Mourinho perfectly correct to marginalise Chelsea skipper
The Daily Mirror claim John Terry is facing the “humiliation” of turning out for Chelsea’s “second-string” side against Walsall in the Capital One Cup this week.
Overlooking the simple fact that Terry – a professional footballer – would simply be doing what he is employed to do should he appear, the paper use the revelation as the latest evidence that the defender’s “days look numbered at Stamford Bridge”.
Clearly Terry’s stature at Chelsea is not what it once was, having been subbed at half time against Manchester City and not getting on the pitch for the club’s recent Champions League and Arsenal clashes.
However, the idea that Jose Mourinho will just cast one of his most trusted lieutenants aside so nonchalantly is a little farfetched.

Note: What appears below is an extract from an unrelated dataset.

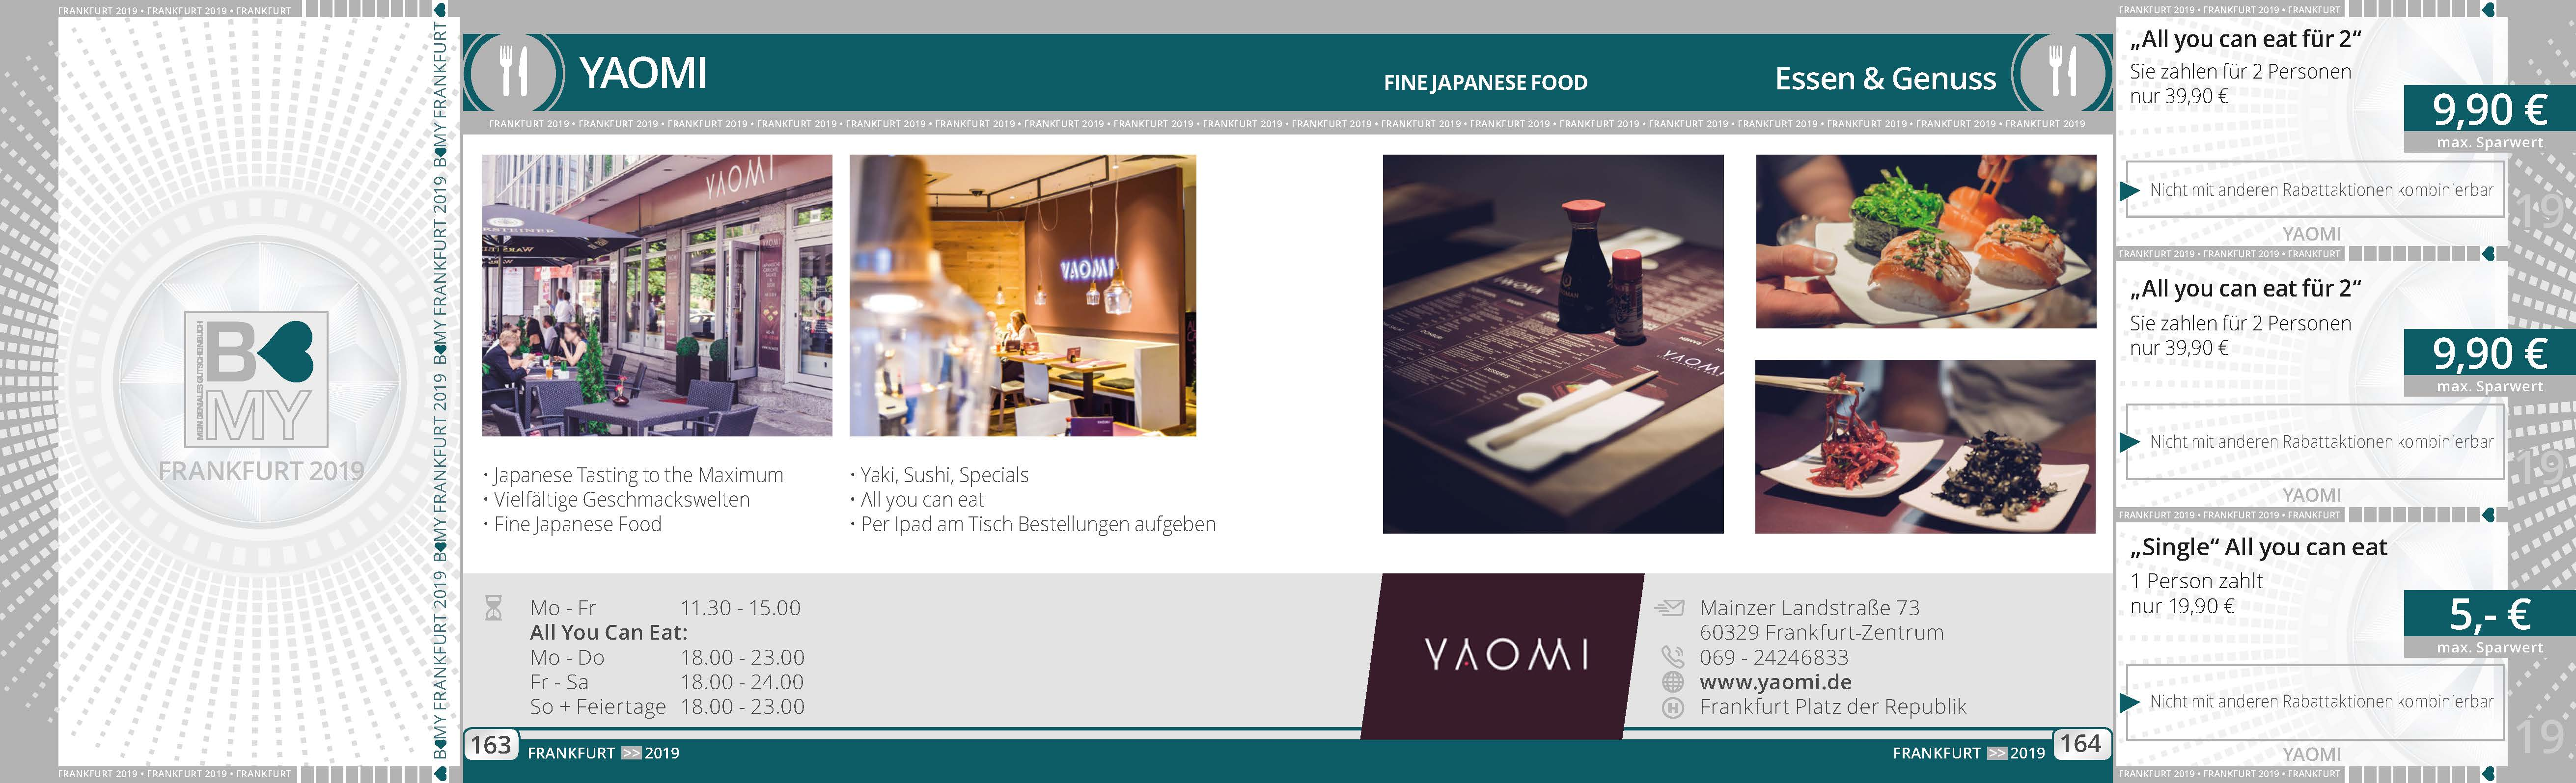 yaomi essen genuss partner 2019. Black Bedroom Furniture Sets. Home Design Ideas

After the London derby victory over the Gunners, the Portuguese tactician said: “He knows that I care about him as a person, as a player. If you want to paint a dark picture, I ask you please don’t because it is not the reality. He’s in a great condition and a great situation with the manager and with the club.”
Terry was never going to be able to maintain the high-standards of play he has set throughout his career deep into his 30s. That his form has dropped off so quickly after being an ever-present member of a league-winning defence is startling, but it doesn’t mean he doesn’t have a role to play.
Mourinho has openly spoken about his desire to build a new team in west London, referred to as a dynasty. He won’t be able to do that without Terry playing a pivotal role in leading the club’s new young players.
Papy Djilobodji, the 26-year-old centre back signed from Nantes on deadline day and Terry’s rumoured defensive partner against Walsall, is one example of a player that will need to lean on the former England international’s wealth of experience.
Kurt Zouma, although having seemingly removed Terry from the teamsheet in the biggest games, is another that, at the age of 20, will benefit from his captain’s guidance in training sessions, at half times and during games they play together.
At Manchester United, the last dynasty seen in the Premier League under Sir Alex Ferguson, Ryan Giggs, Paul Scholes and Rio Ferdinand all performed a similar role to help the next phase of stars come through the club. Using Terry in the same guise is shrewd from Mourinho, not bullish as others would have you believe.